Since the last few posts dwelt exclusively on the harms and pitfalls of reverse mortgages, it seems that in the interest if fairness, I should shift the focus to some of their positive attributes. For ease of transition, I think it makes sense to debunk a few misconceptions, in order to transform perceived drawbacks into benefits.

The first, and most common myth, is that in entering into a reverse mortgage, you no longer own your home. According to this line of thinking, the bank gives you cash in exchange for the title to your home; the only twist is that you get to remain in your home until you die. In reality, this is simply not the case. A reverse mortgage is equivalent to a lien, which in legal terms, means that another party (the lender, in this case) owns a stake in your home. You still retain title to your home, and in fact, you can return to being the sole owner if/when you repay the reverse mortgage.

Therein lies the second myth- that a reverse mortgage is permanent; once you enter into it, there is no way of exiting. In fact, a reverse mortgage is mechanically no different than any other loan, in that it must ultimately be repaid. Granted, a reverse mortgage is somewhat unique, because you can use the proceeds from the future (posthumous?) sale of your home towards repayment. That doesn’t mean, however, that you can’t simply repay the loan prior to selling the house.

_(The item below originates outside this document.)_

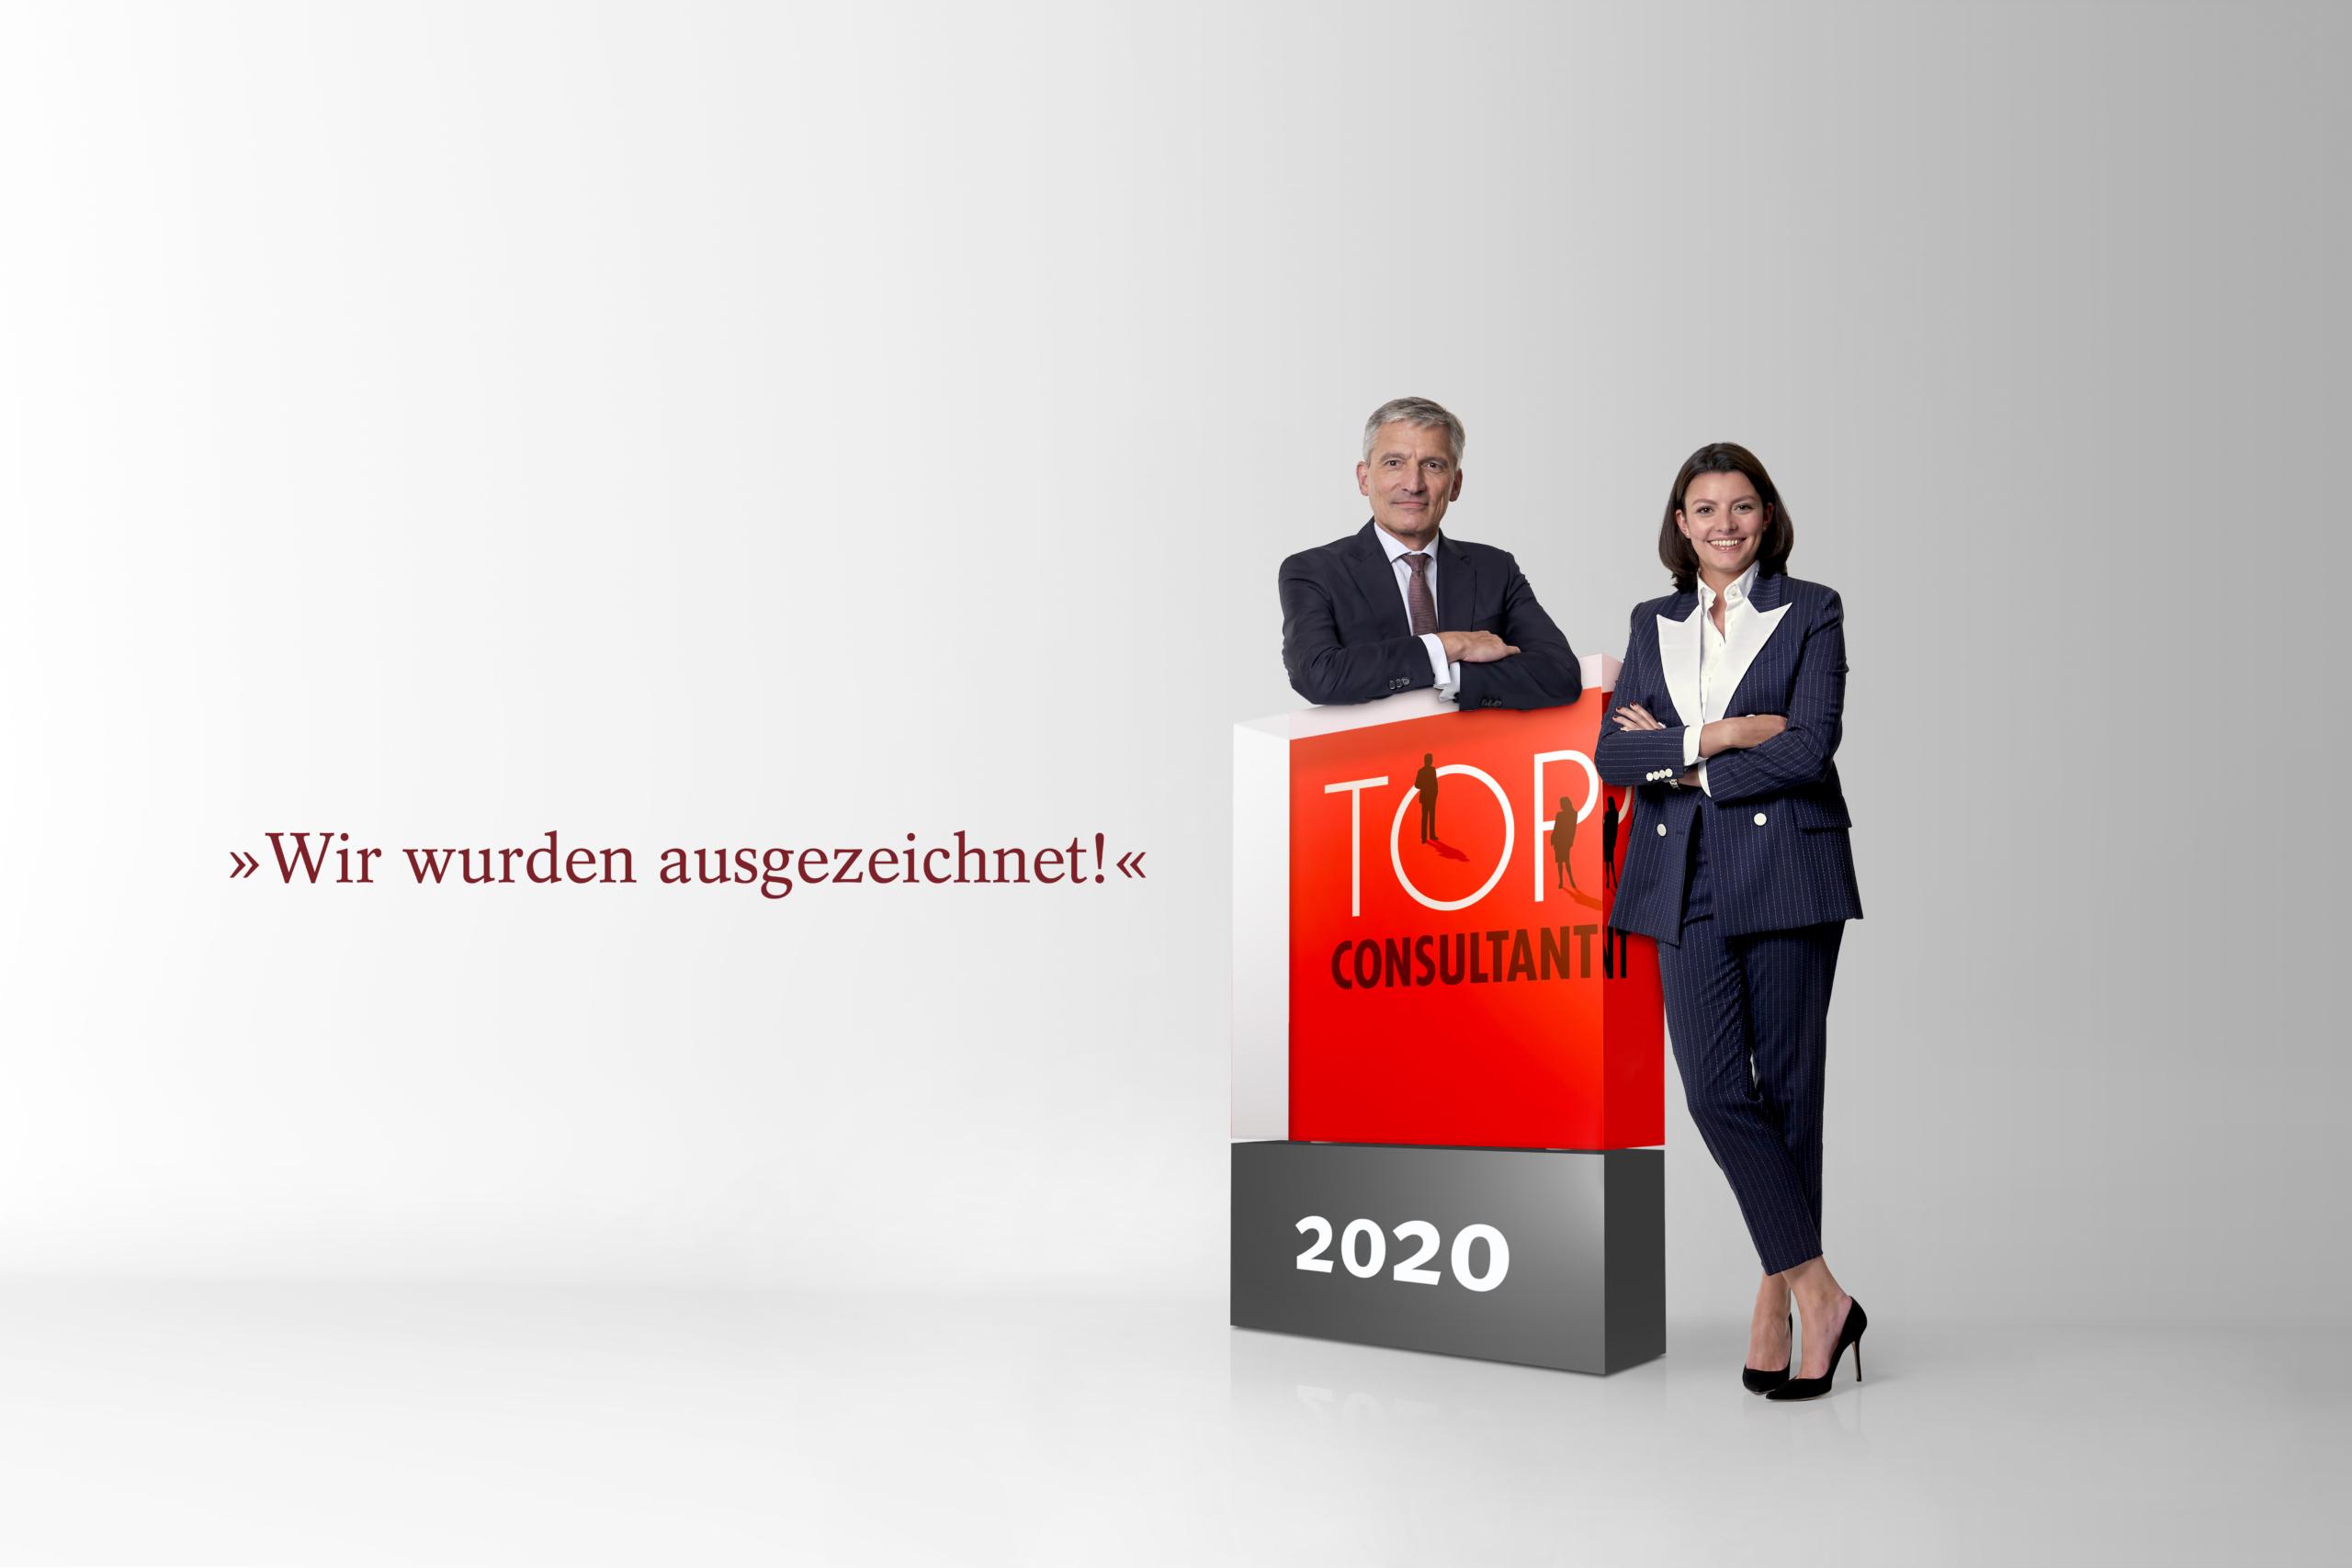 Unternehmensberatung in Hamburg als Top Consultant 2020 ausgezeichnet.

Just make sure you read the fine print to understand the terms of the loan, especially regarding possible prepayment penalties.

Yet another myth is that to secure a reverse mortgage, you need great credit, just like when applying for a conventional mortgage. Nothing could be further from the truth. Reverse mortgage lenders couldn’t care less about your personal financial situation. In fact, the whole point of reverse mortgages is to help those most in need of cash, especially those that have no other options. The primary factor in evaluating an reverse mortgage application is the quality of the home that is being mortgaged. The better the home, the better the prospects are for appreciation, and the more money you can borrow via a reverse mortgage. In this sense, the keystone of the reverse mortgage process is the appraisal – not the credit report. Prevailing interest rates and the age of the borrower will also influence the maximum loan size, but are less important than your collateral (the house!).

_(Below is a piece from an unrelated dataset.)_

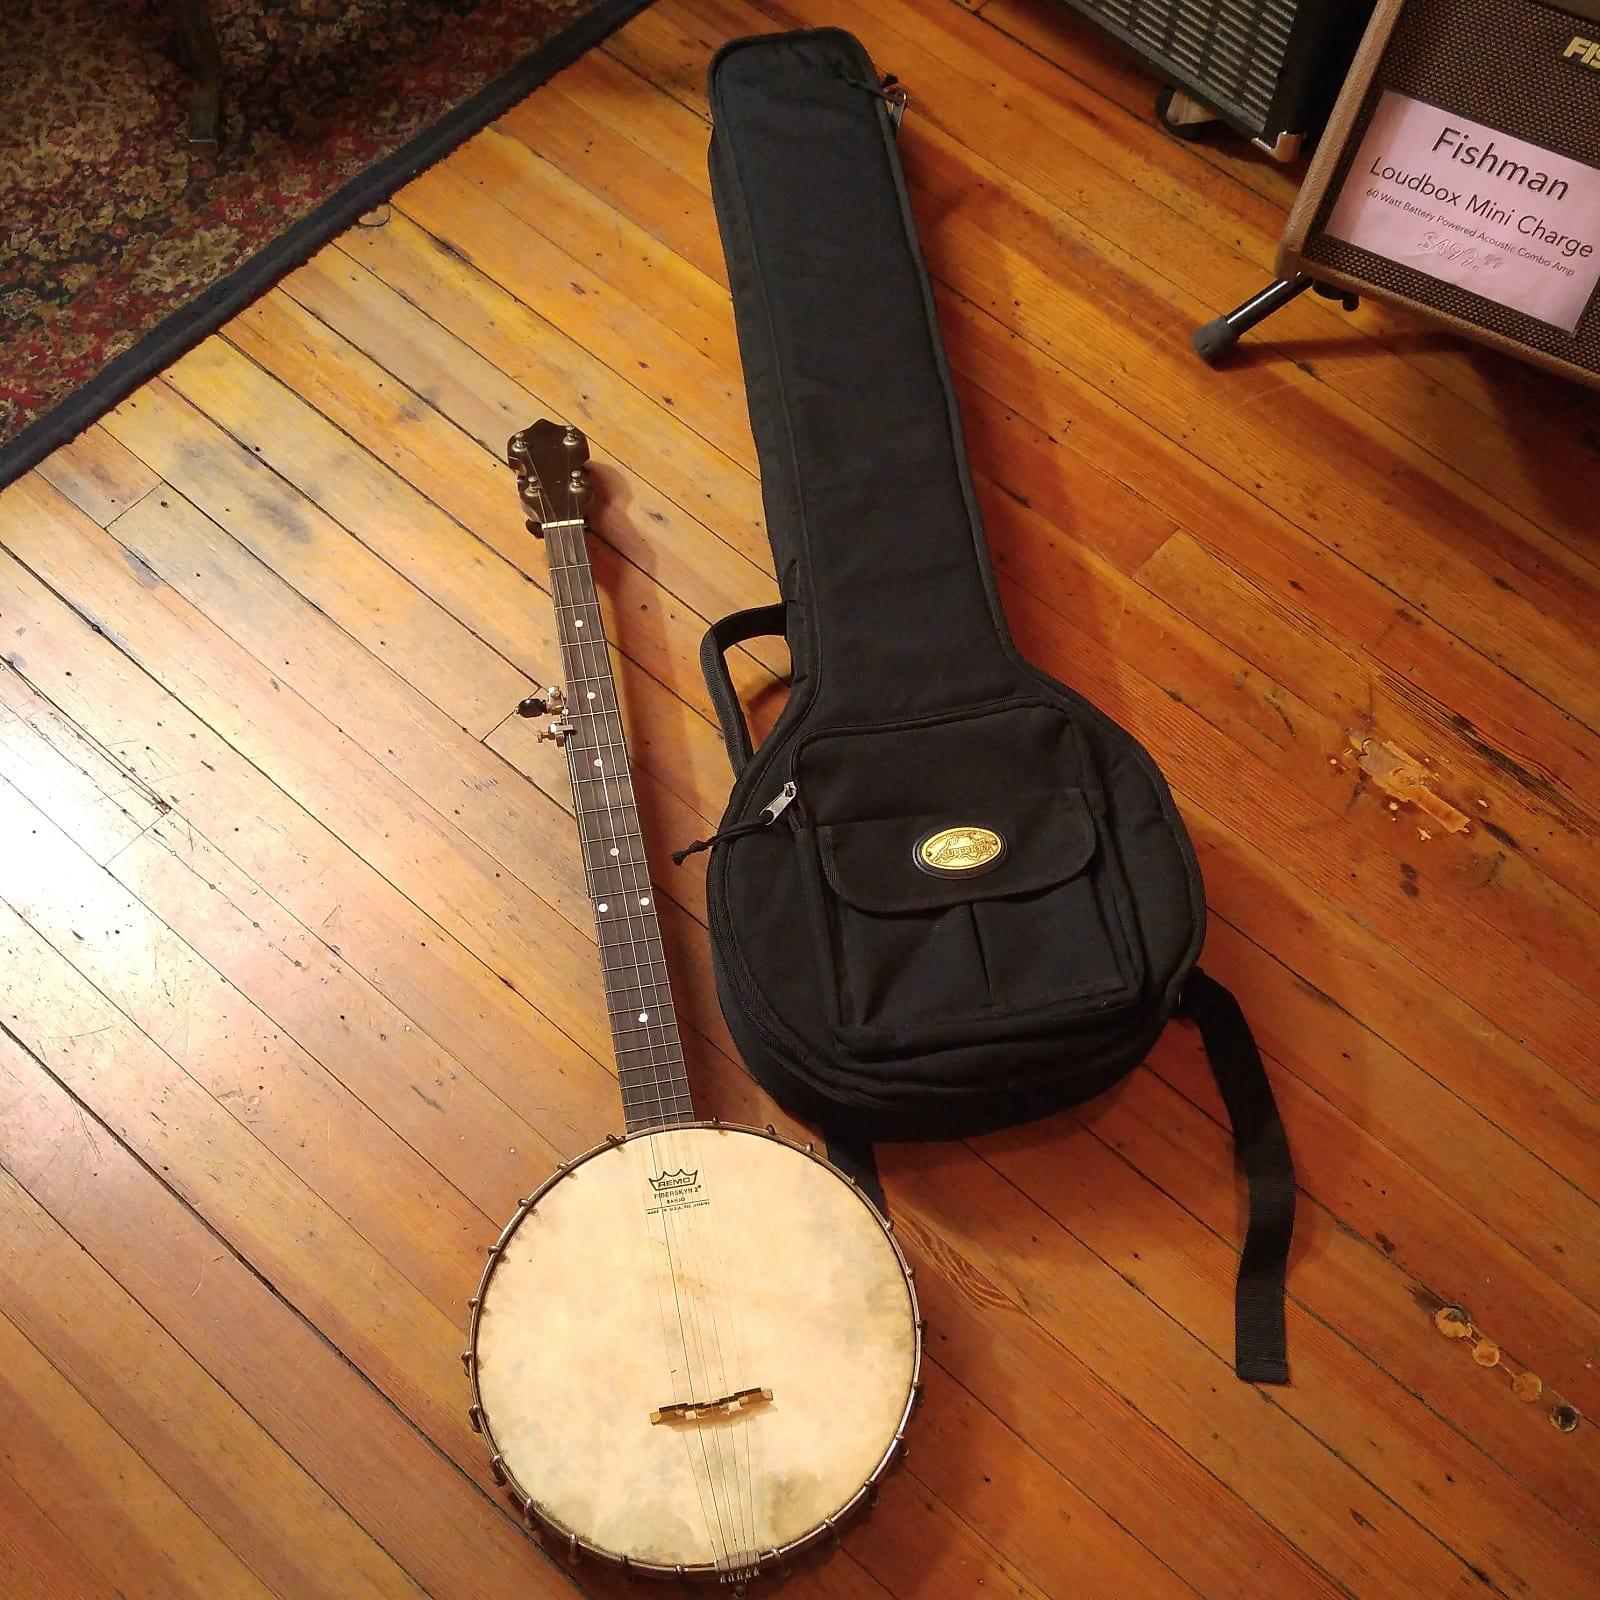 Fairbanks/Vega No  2 Special 5-String Banjo c 1920 #45112

The final myth is that your original mortgage must first be paid off before entering into a reverse mortgage. Again, this is completely inaccurate. In fact, many borrowers use reverse mortgage for the main purpose of paying down/off their existing mortgage balance. It’s even possible to maintain a conventional mortgage and a reverse mortgage at the same time (though this isn’t advisable in most cases). The FHA, which insures most reverse mortgages, has certain threshold requirements, but these can be bought down with excess cash. In other words, you can dip into your savings to pay down your original mortgage to the level stipulated by the FHA, and then immediately use the funds from a reverse mortgage to replenish your savings account.

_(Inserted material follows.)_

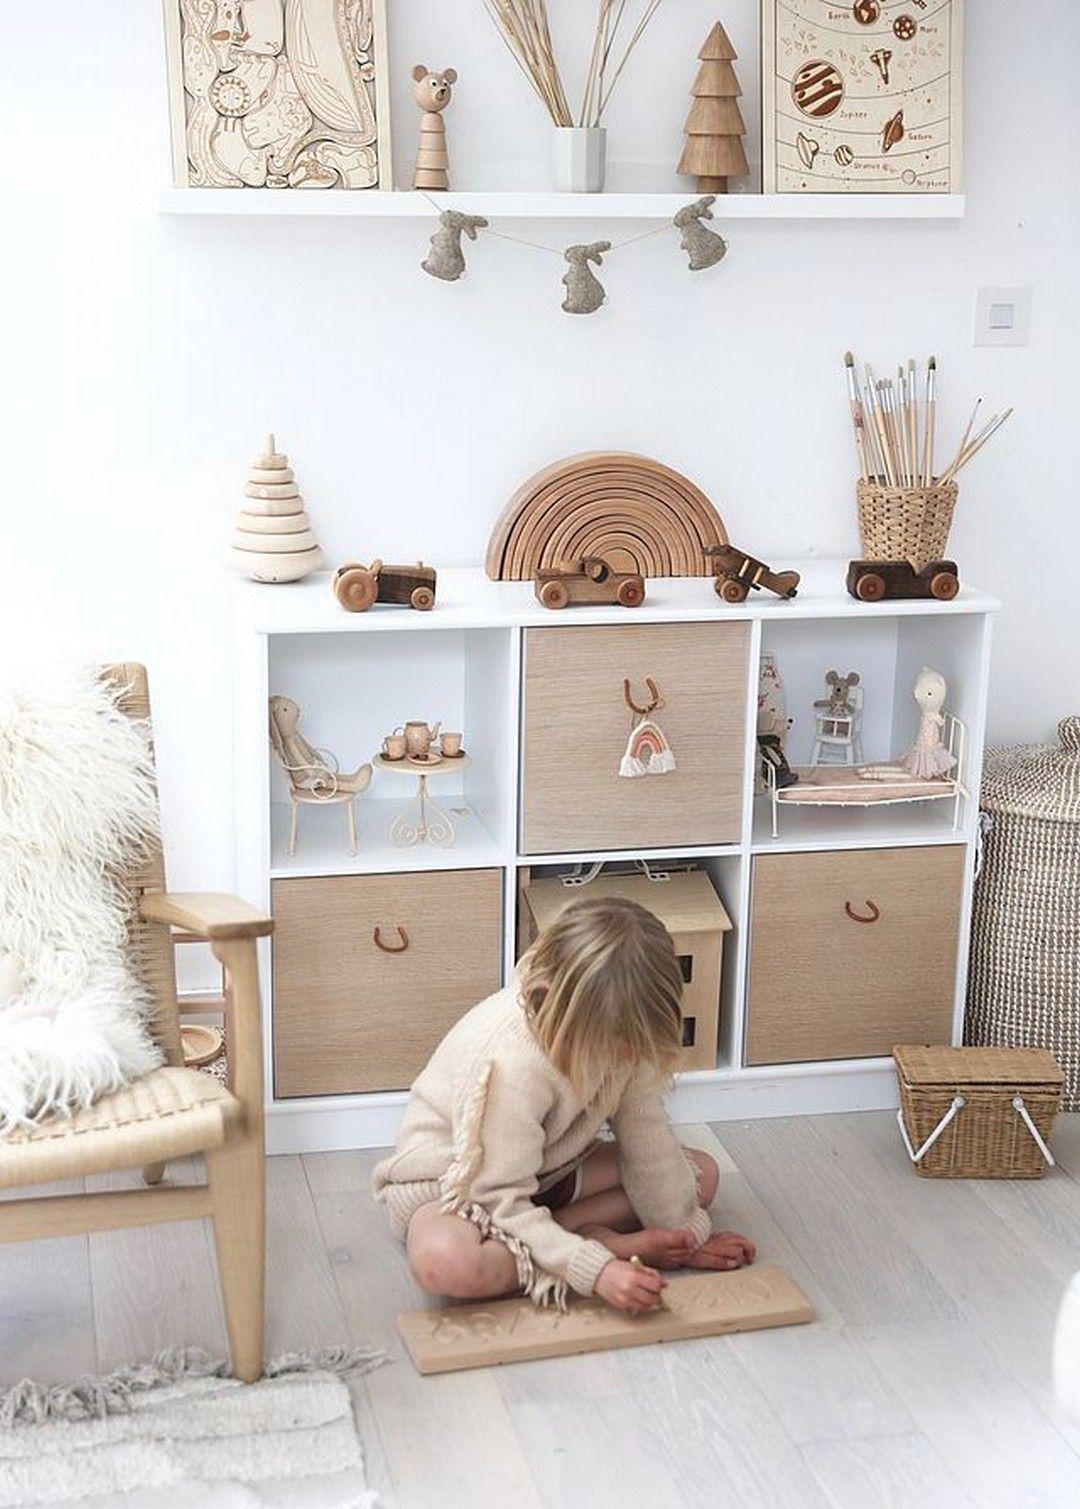 Epingle Sur Design Chambre Enfant

There is a tremendous amount of misinformation surrounding reverse mortgages, which means that I could continue. I think I’ll stop here for now, and pick up when I receive some feedback from readers. I invite you to leave a comment if there is an aspect of reverse mortgages that you aren’t quite clear on, and/or there is a myth that you hope the staff at reversemortgage.net can help you shatter!

2 Responses to “Debunking Reverse Mortgage Myths”

  1. Jack Willett Says:

    Friends of the family would like to occupy he residence full time in addition to our being there in the summer. They will pay all maintenance and repair expenses and we will not collect rent or lease payments from them. Since we will also occupy the premises six months out of each year, will we remain in compliance with the reverse mortgage?

  2. Ron Sylvia Says:

    I’am told like in the 1930’s during the depression the bank forced homeowners to “pay-up” by making the mortgage due, especially if the bank was under pressure and/or was going under. With a reverse mortgage can a bank repossess the reverse mortgagee’s home by forcing them to pay back the bank if the homeowner is unable to repay? Ostensively, the bank could then repossess the home. Is this a possibility?